Retype the listing found below exactly, but leave out each picture.

| RAW DATA |
· · · · · · ·

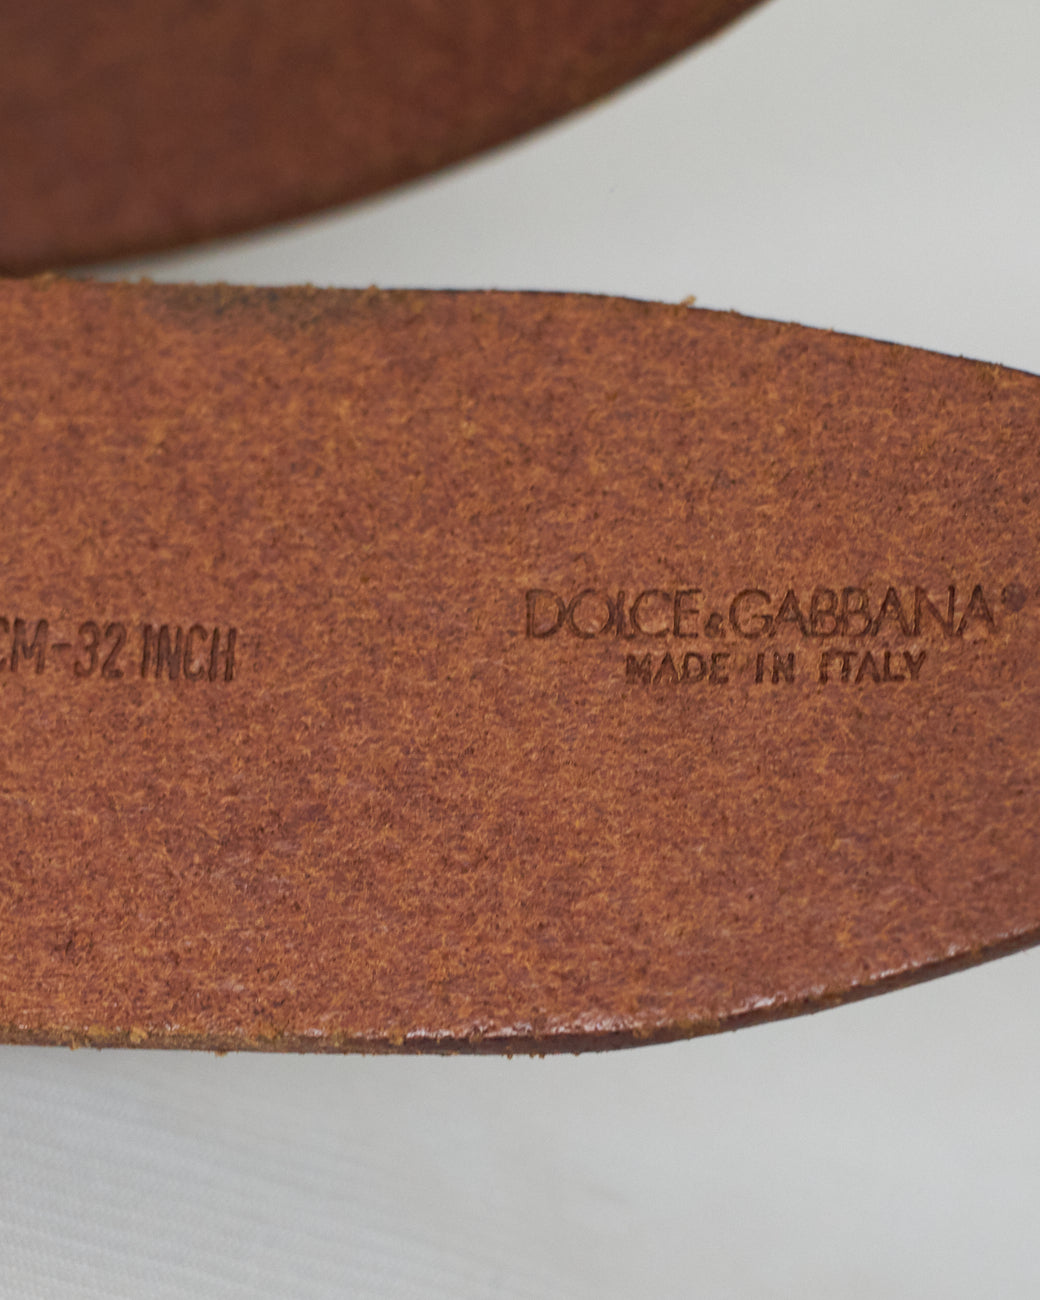 Cinto Dolce&amp;Gabbana Marrom Glitter - tamanho 36
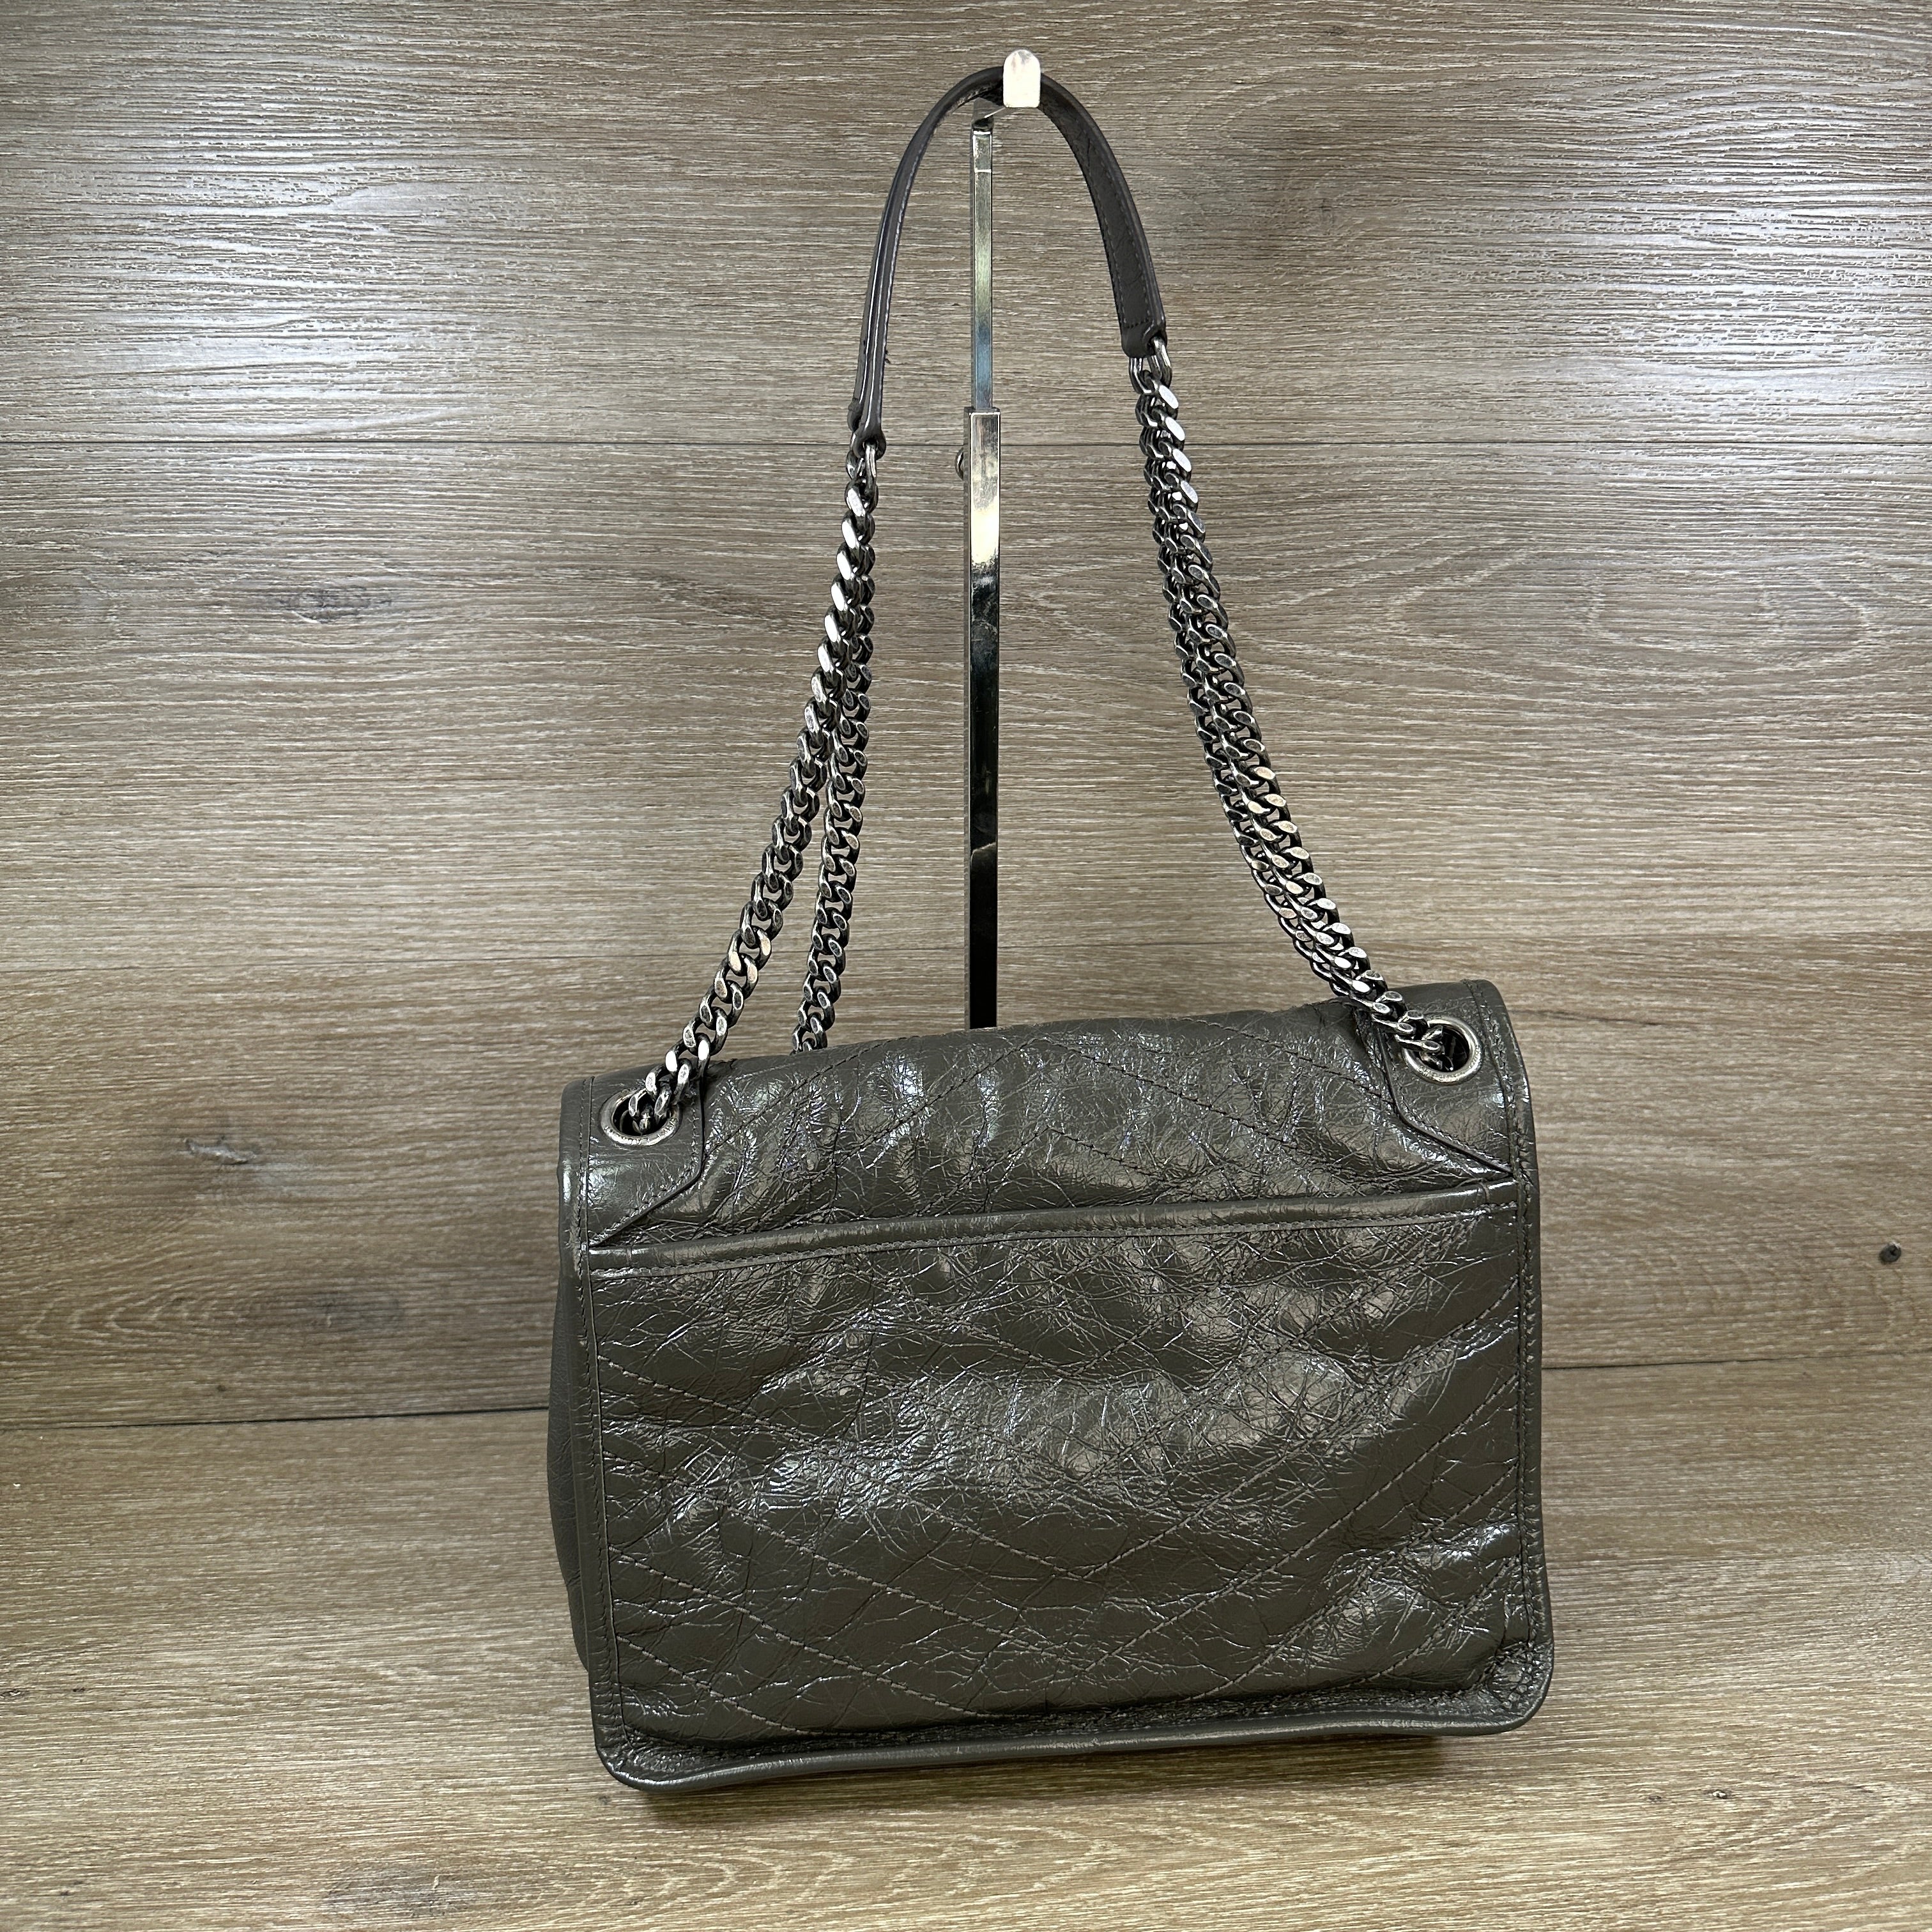 Saint Laurent Niki Medium Leather Shoulder Bag in Metallic
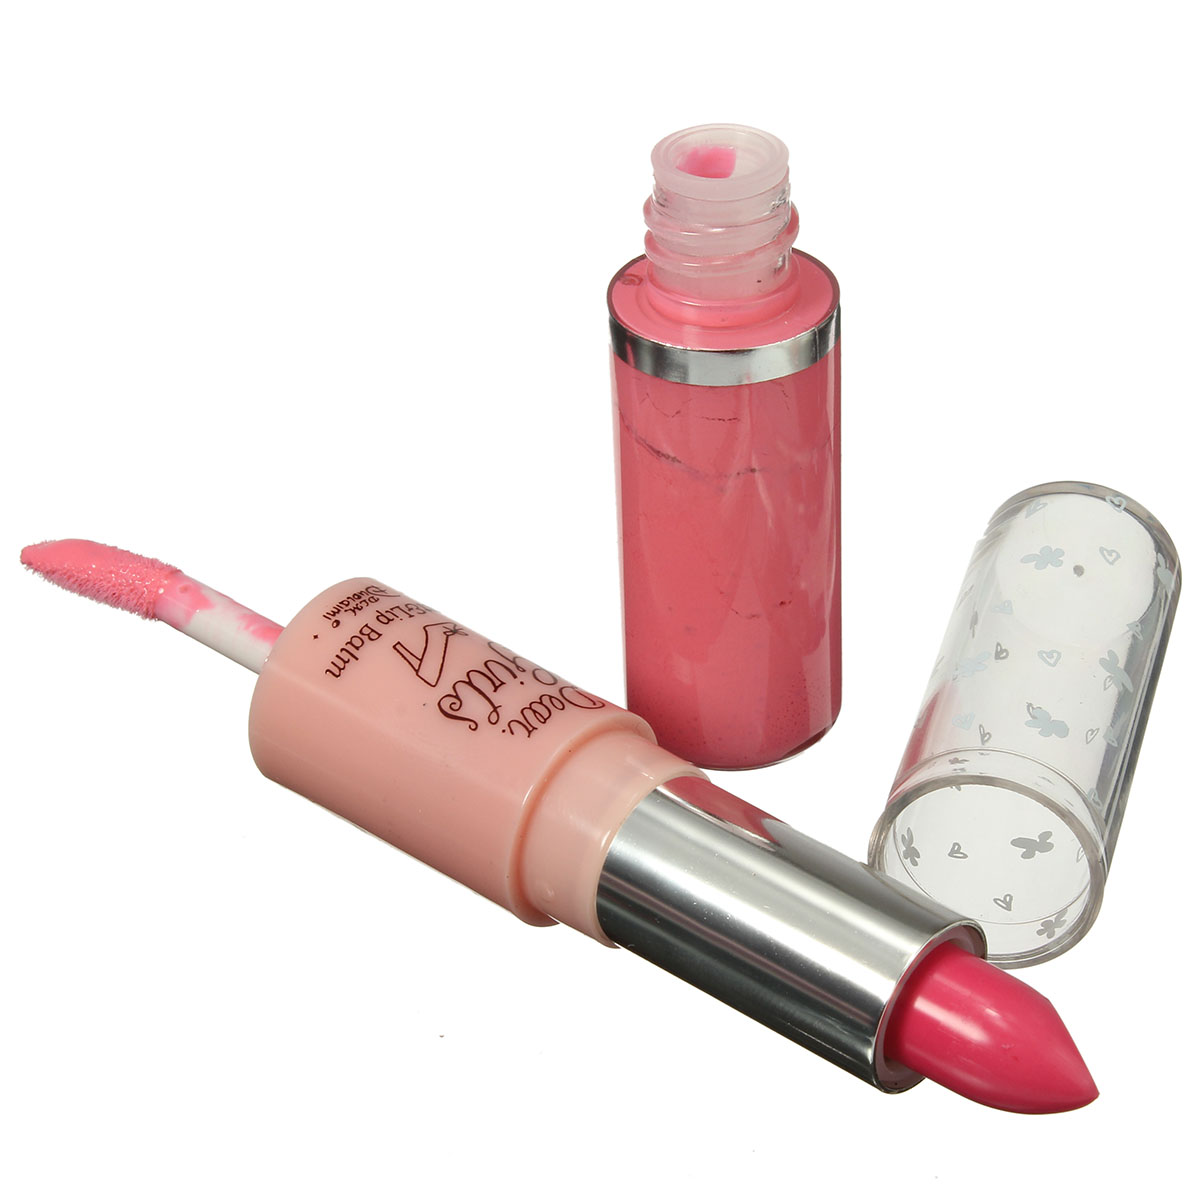 10-Colors-Double-Head-Natural-Lipstick-Moisturing-Brighten-Lip-Gloss-Makeup-Comestic-1124974

· · · · · · ·

| ANSWER BELOW |
 Cinto Dolce&amp;Gabbana Marrom Glitter - tamanho 36
 Saint Laurent Niki Medium Leather Shoulder Bag in Metallic
 10-Colors-Double-Head-Natural-Lipstick-Moisturing-Brighten-Lip-Gloss-Makeup-Comestic-1124974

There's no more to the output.